Movieron de un lado a otro las linternas, con la vana intención de ver hasta dónde se extendía el corredor. Luego avanzaron hacia la caja más cercana y se acuclillaron delante de ella. Era cuadrada, de metal, y en la tapa había, pintada en negro, una calavera con dos tibias cruzadas. Ben Roi la abrió.

—Chara!
—gruñó—. ¡Mierda!

Dentro, envueltos en papel parafinado, como trozos de queso, había dos docenas de bloques de goma dos. Ben Roi y Laila los miraron, nerviosos, y luego se desplazaron hasta la siguiente caja, que era de madera y rectangular. Había una palanca encima. Ben Roi la tomó, abrió la tapa y apartó una capa de paja, la cual dejó al descubierto una colección de fusiles Mauser relucientes. En el fondo había un compartimiento lleno de cargadores.

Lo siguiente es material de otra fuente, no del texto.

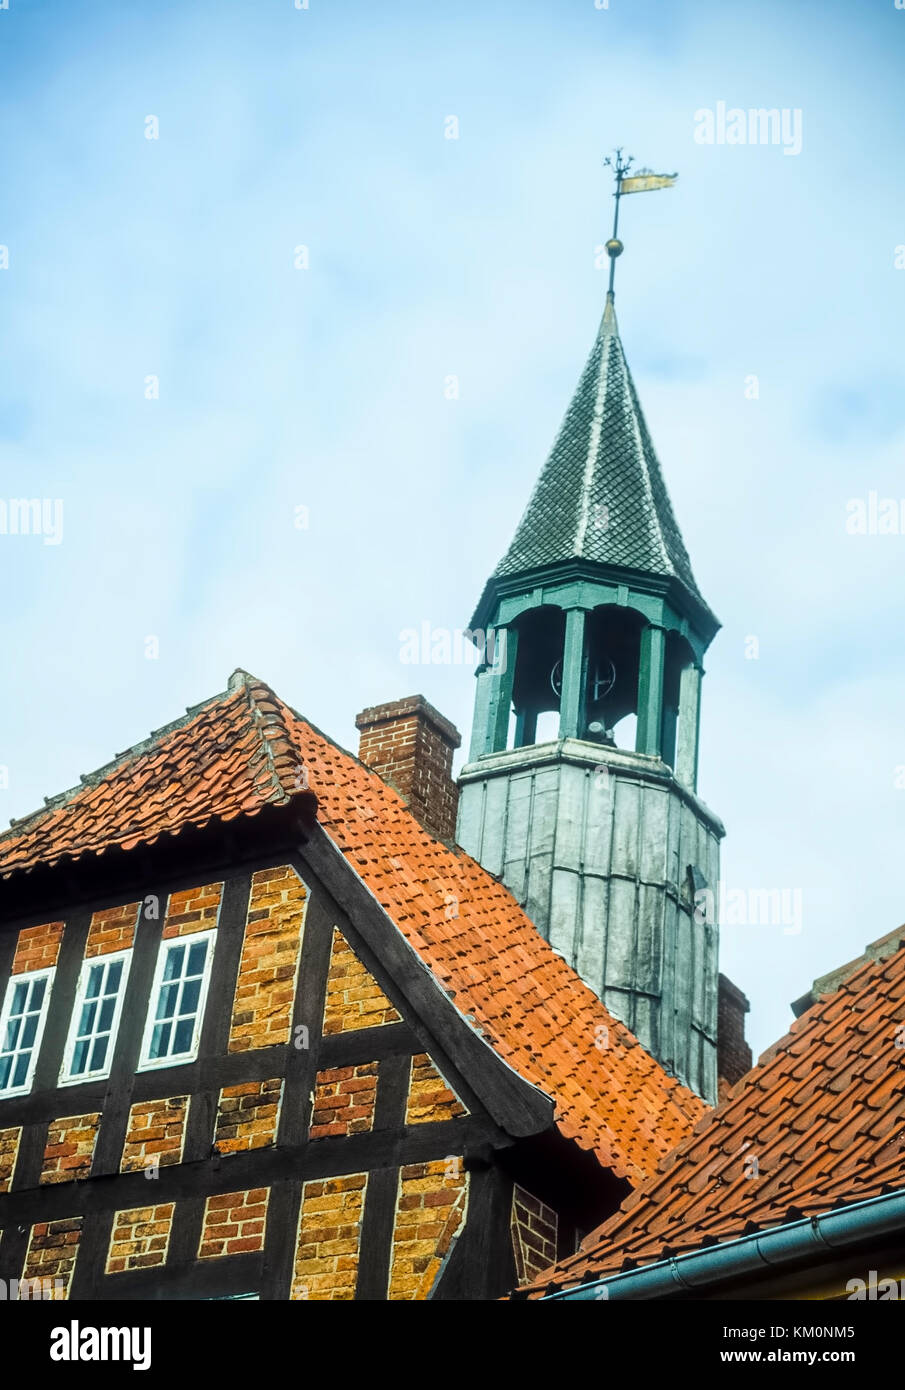 Rooftop view in the picturesque town of Ebletoft in Denmark Stock Photo

—Es un arsenal —murmuró Laila—. Es un puto arsenal.

Cogieron un fusil y lo examinaron (parecía en perfecto estado, incólume después de casi sesenta años enterrado en la oscuridad de la mina), luego lo dejaron en su sitio y empezaron a internarse en el túnel, parando cada pocos metros para abrir más cajas. La mayoría contenían armas y utensilios de demolición. También había otras cosas. Una caja estaba repleta de cientos de Cruces de Hierro, otra de fajos de billetes de banco, otra de botellas de vino polvorientas (Château d'Yquem 1847, Château Lafite 1870). Una caja plana apoyada contra la pared, a unos veinte metros de la entrada del túnel, tenía una etiqueta pegada en la que se leía: «1 Vermeer, 1 Breughel (Altere), 2 Rembrandt».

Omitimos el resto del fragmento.